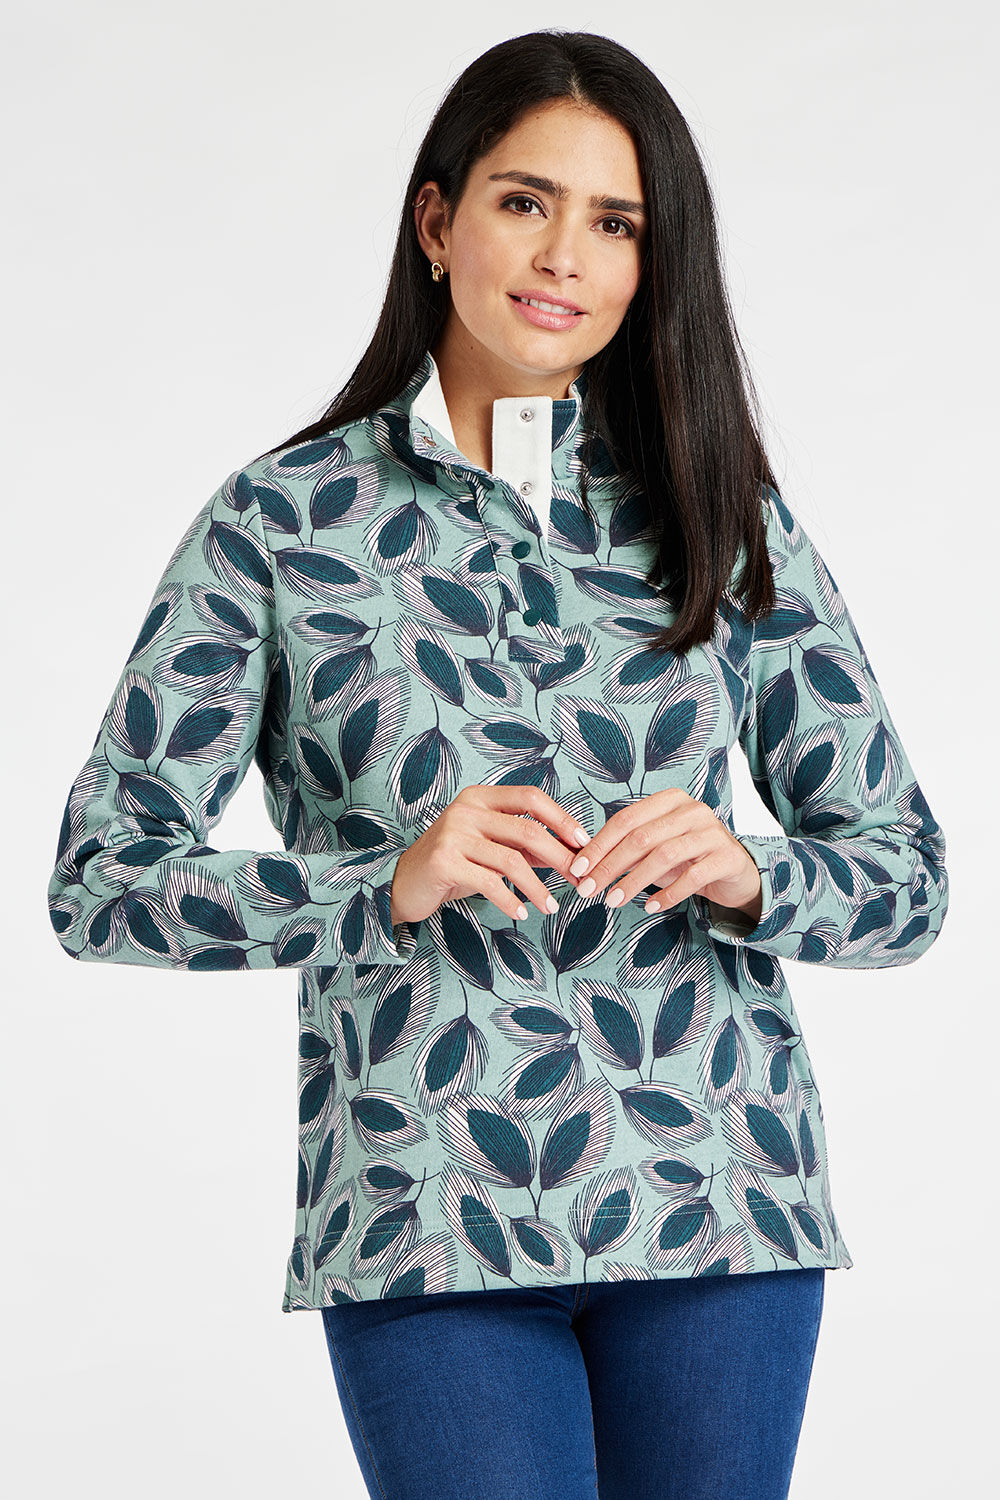 Bonmarche Women’s Green and White Cotton Leaf Print Long Sleeve Funnel Neck Sweatshirt, Size: 18
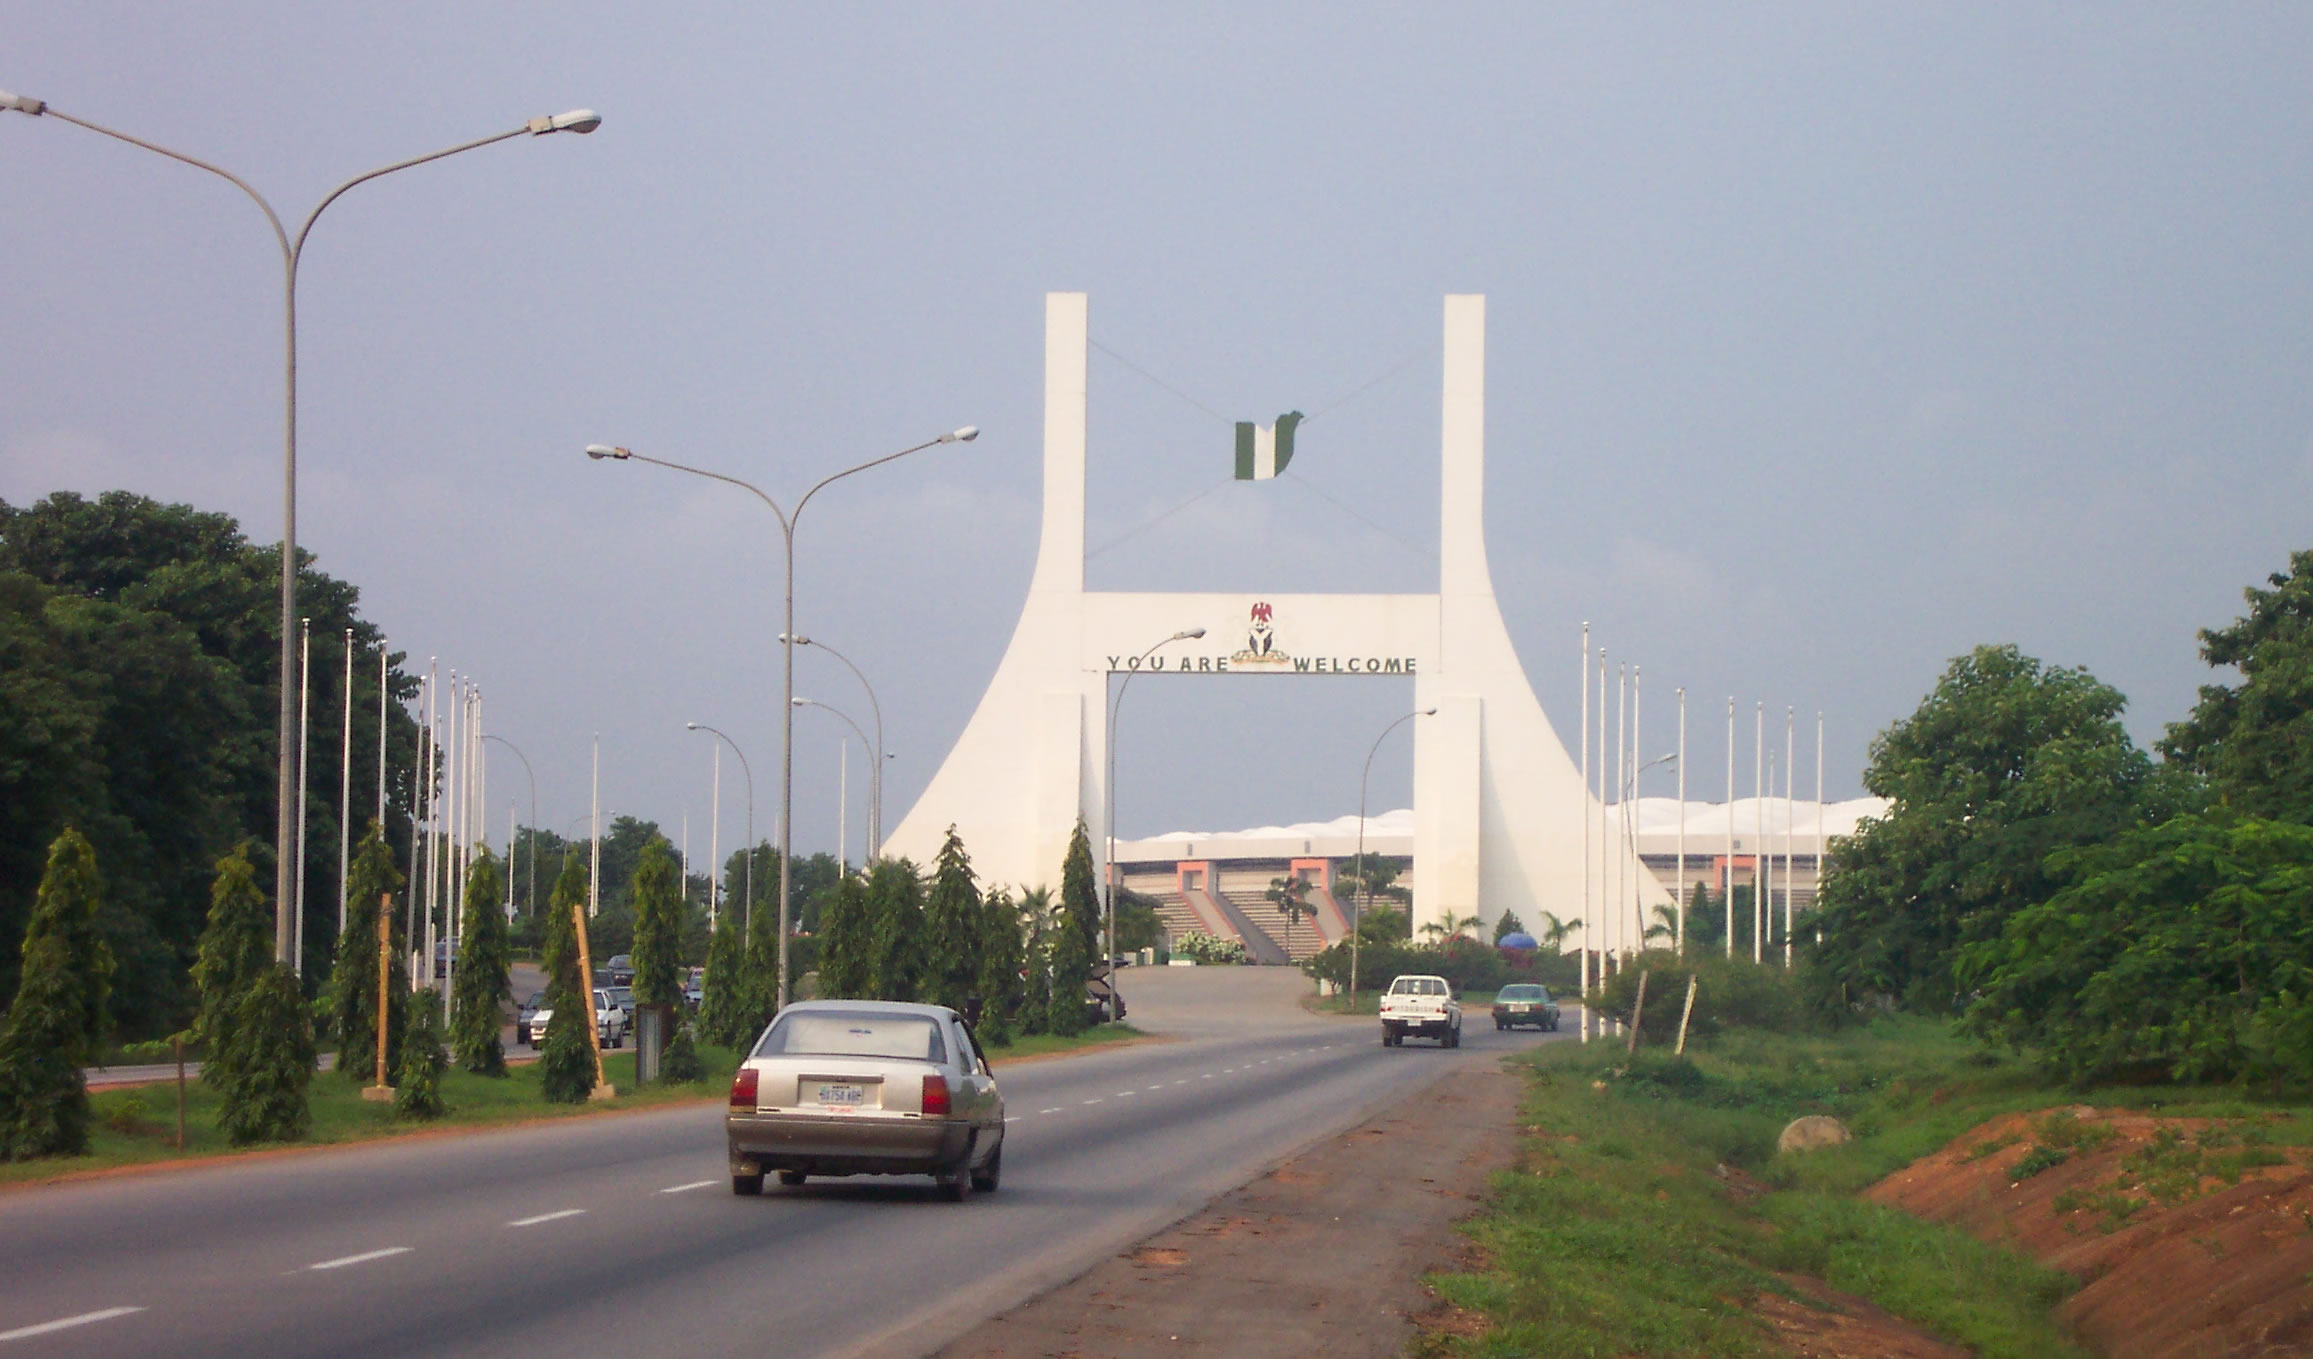 Abuja city
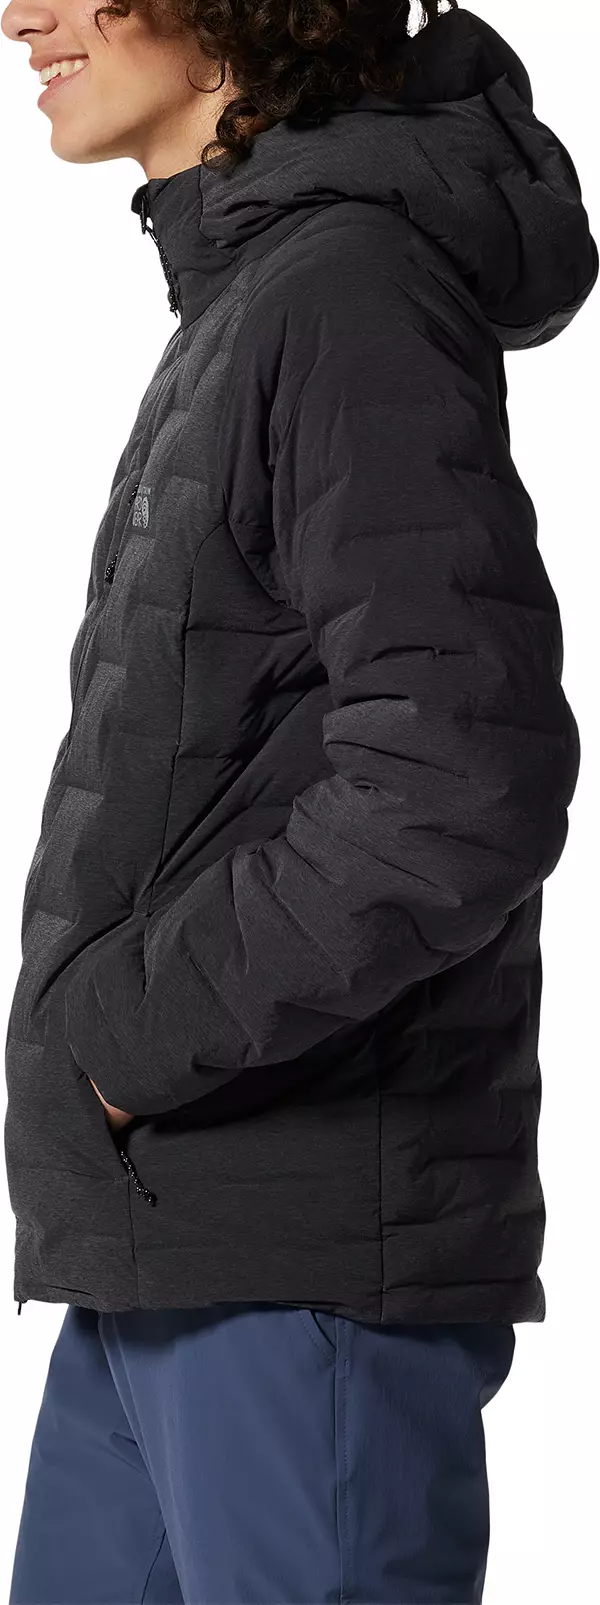 Mountain Hardwear Men's Stretchdown Jacket

Work item:
Take every line of the material and copy it exactly, leaving out the pictures.

Response:
 Bonmarche Women’s Green and White Cotton Leaf Print Long Sleeve Funnel Neck Sweatshirt, Size: 18
 Abuja city
 Mountain Hardwear Men's Stretchdown Jacket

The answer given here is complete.